Карлос Сафон – Тень ветра (страница 14)
На этом церемониал захоронения был завершен, и я ушел, следуя засечкам, оставленным по дороге. Проходя в полумраке мимо нескончаемых рядов книг, я не мог отделаться от грусти и досады. Меня преследовала мысль о том, что, если я открыл для себя целую Вселенную в одной лишь неизвестной книге среди бесконечности этого некрополя, десятки тысяч других так и останутся никем не читанными, забытыми навсегда. Я чувствовал себя окруженным миллионами стертых из людской памяти страниц, планетами и душами, оставшимися без хозяина, уходящими на дно океана тьмы, в то время как пульсирующий за этими стенами мир день за днем беспамятел, не отдавая себе в том отчета и считая себя тем мудрее, чем более он забывал.
Я вернулся на улицу Санта-Ана с первыми проблесками зари. Тихонько открыл дверь и проскользнул в дом, не зажигая света.

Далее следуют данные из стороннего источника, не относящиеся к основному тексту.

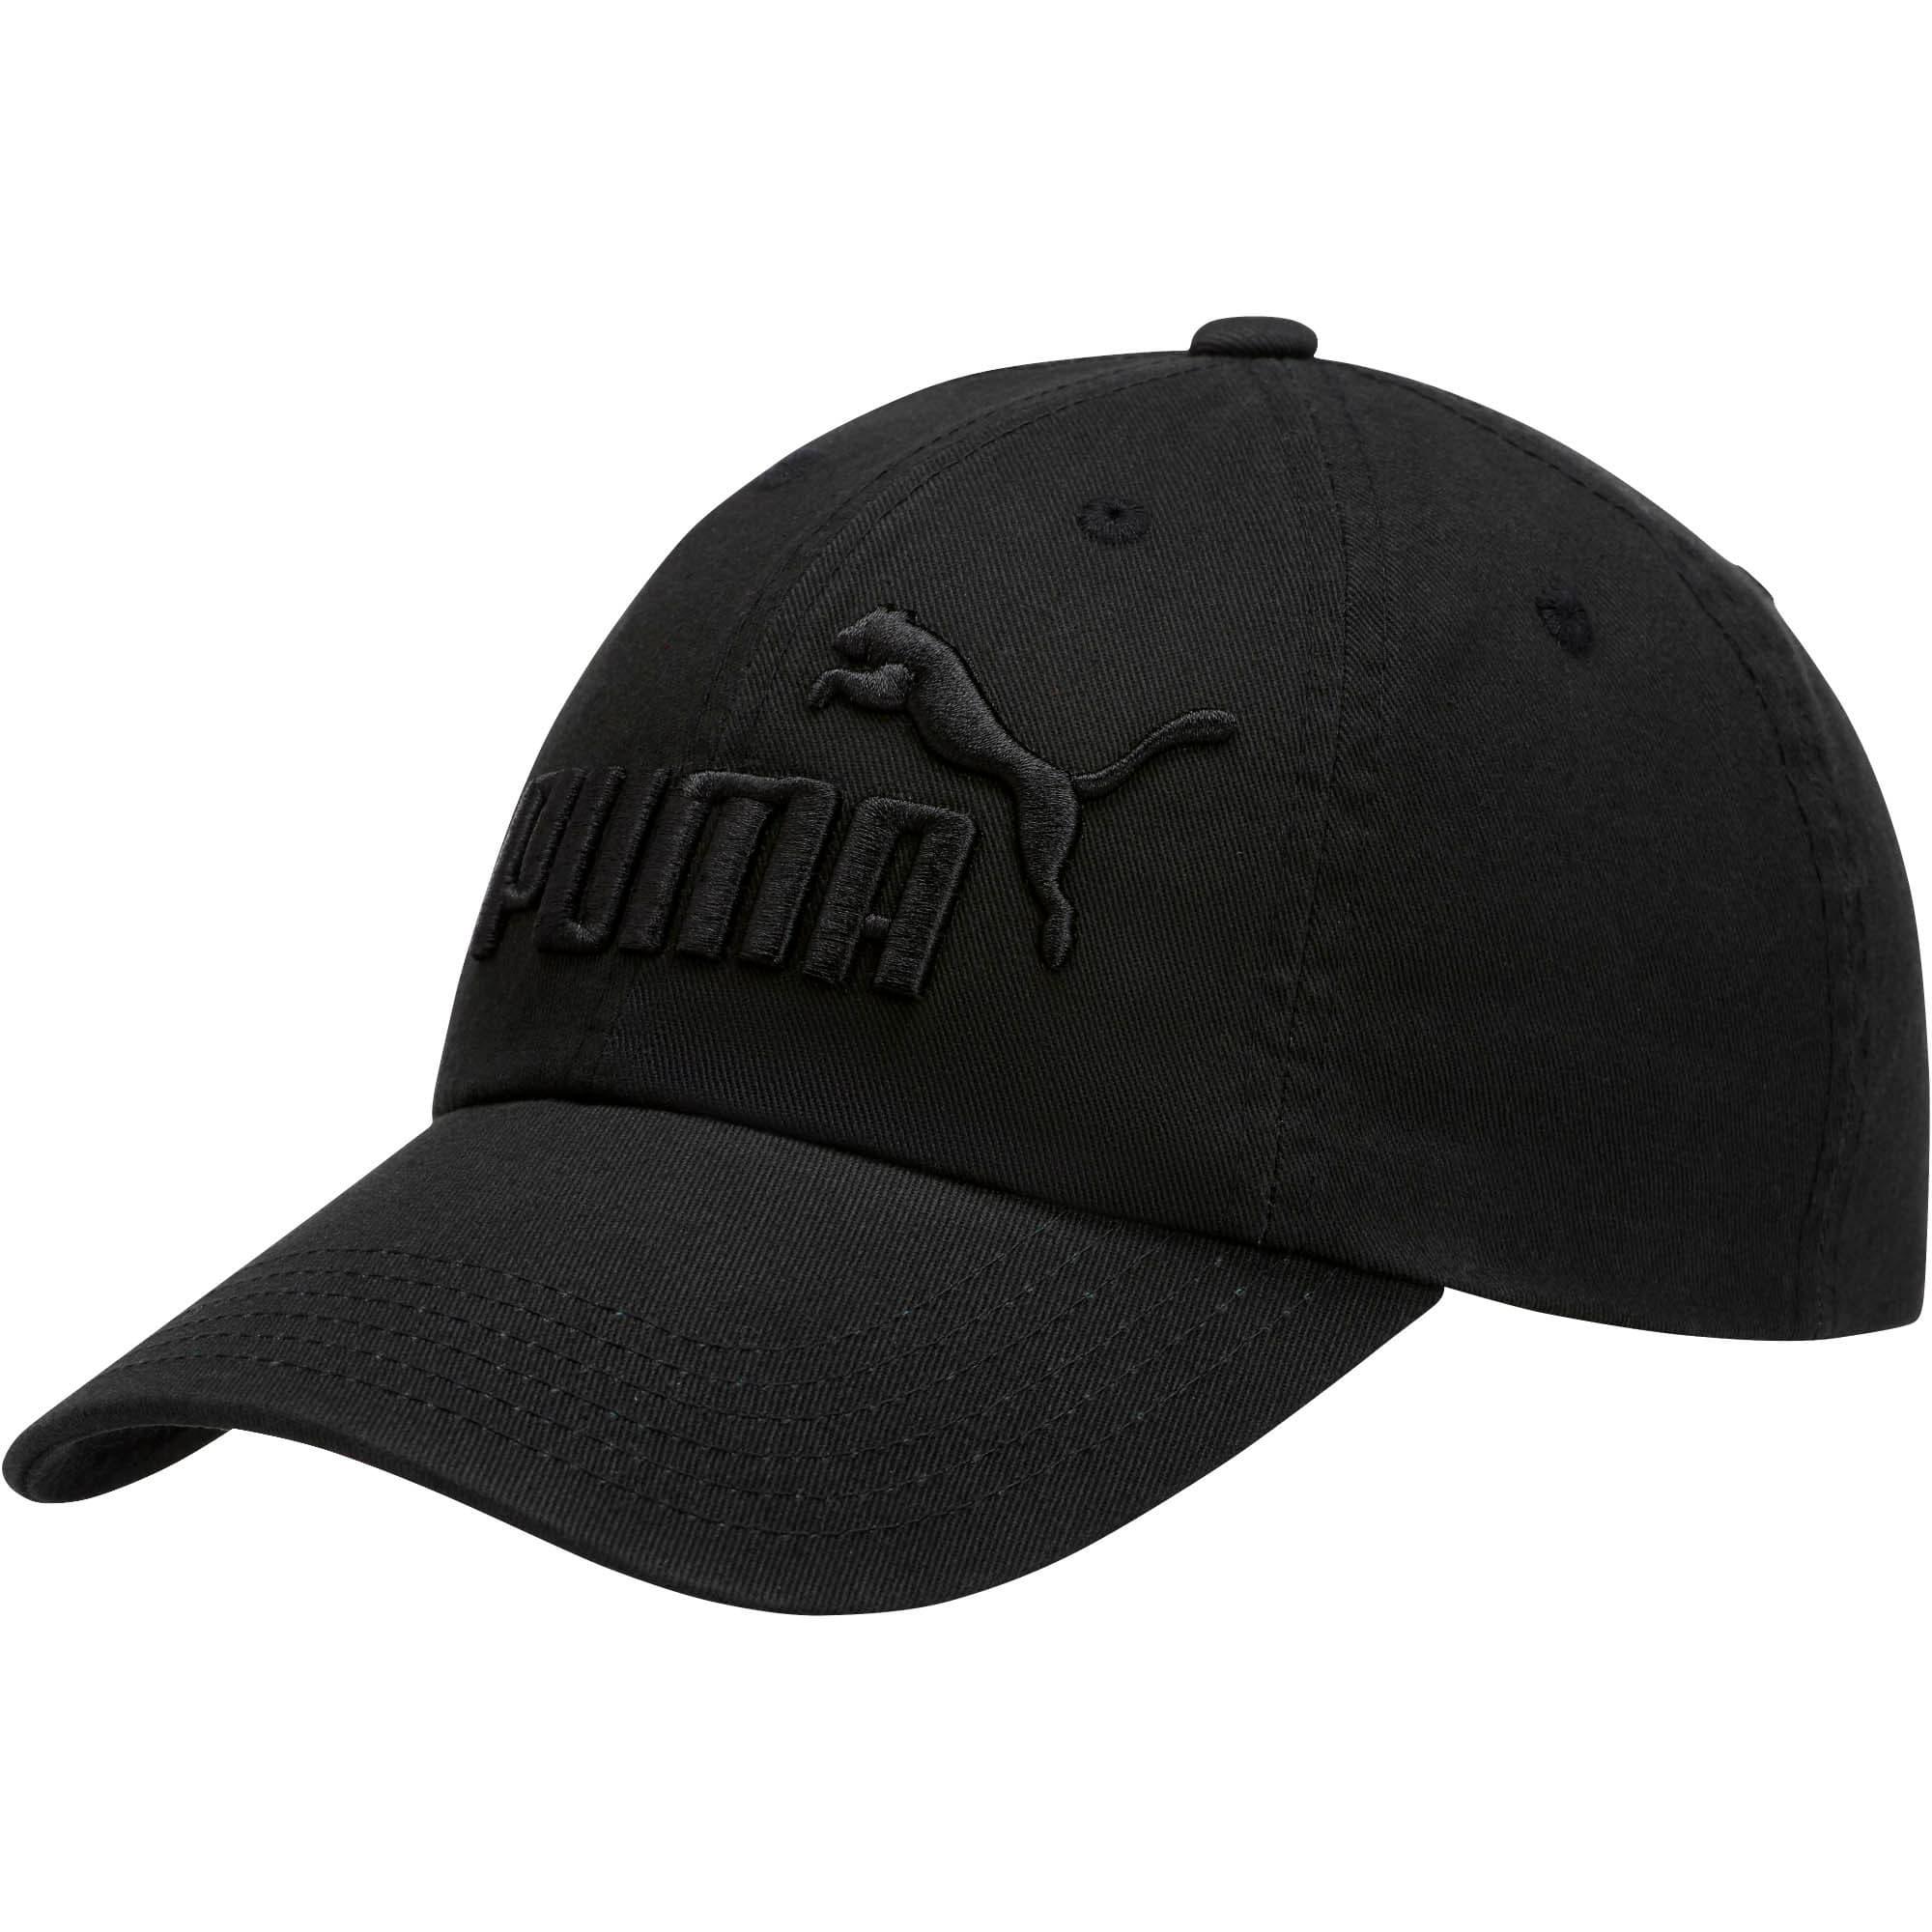 Thumbnail 1 of PUMA #1 Relaxed Fit Adjustable Hat, Black, medium
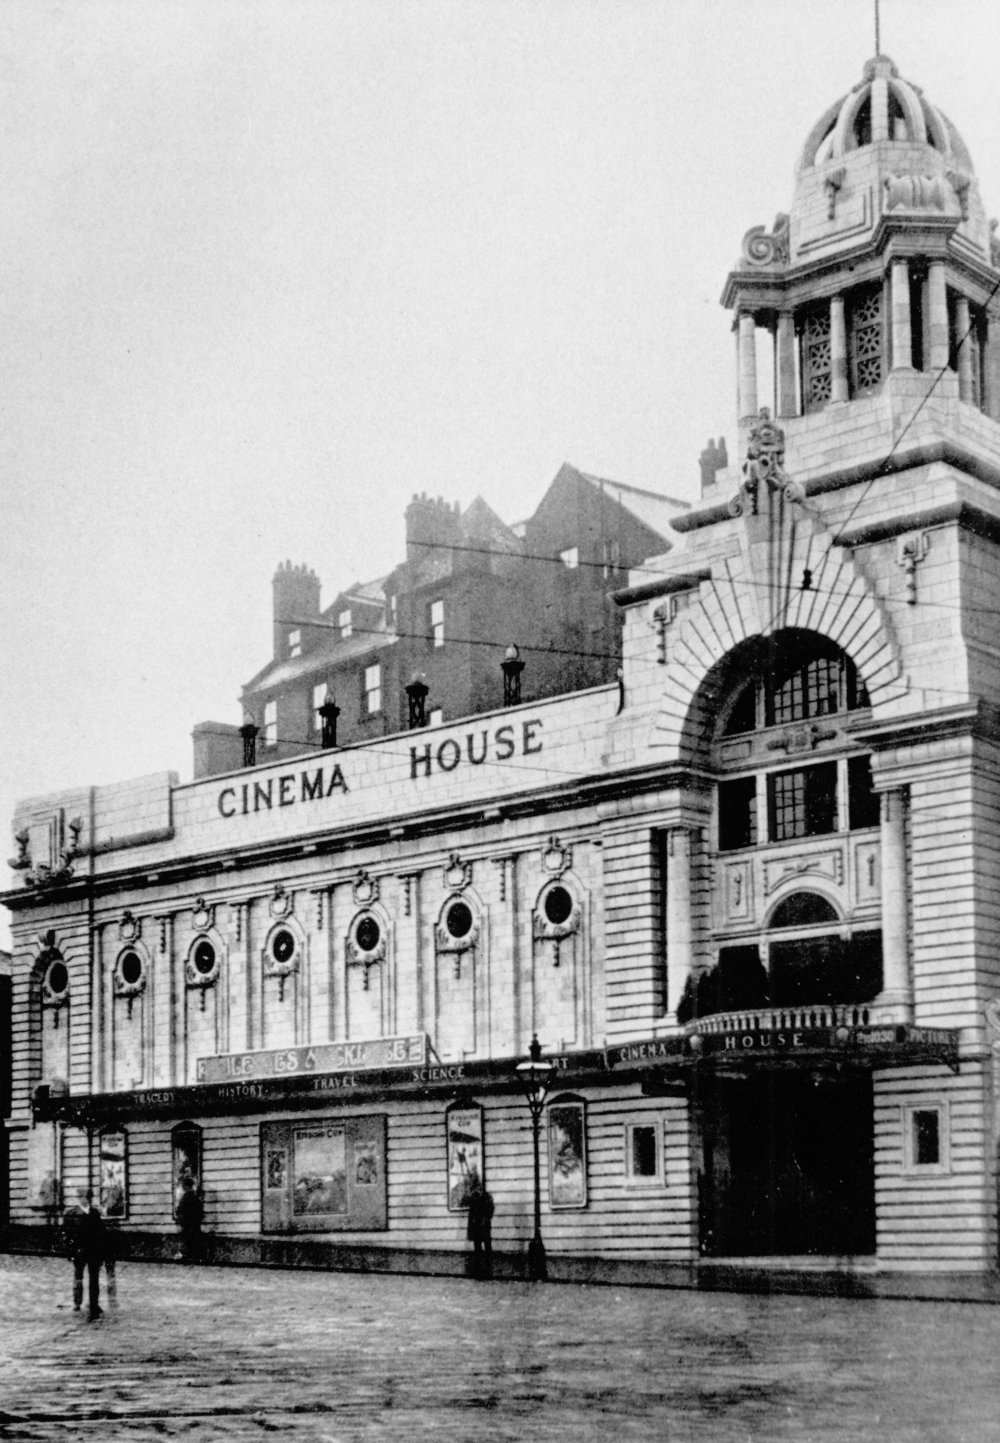 The Cinema House, Sheffield, 1914

Из прихожей была видна столовая в конце коридора и стол, все еще по-праздничному сервированный. На нем стояли нетронутый торт и парадный сервиз в ожидании званого ужина. Неподвижный силуэт сидевшего в кресле отца четко вырисовывался на фоне окна. Он не спал, и на нем был все тот же выходной костюм. Кольца дыма лениво плыли над сигаретой, которую он, словно ручку, зажал тремя пальцами, указательным, средним и большим. Уже много лет я не видел, чтоб мой отец курил.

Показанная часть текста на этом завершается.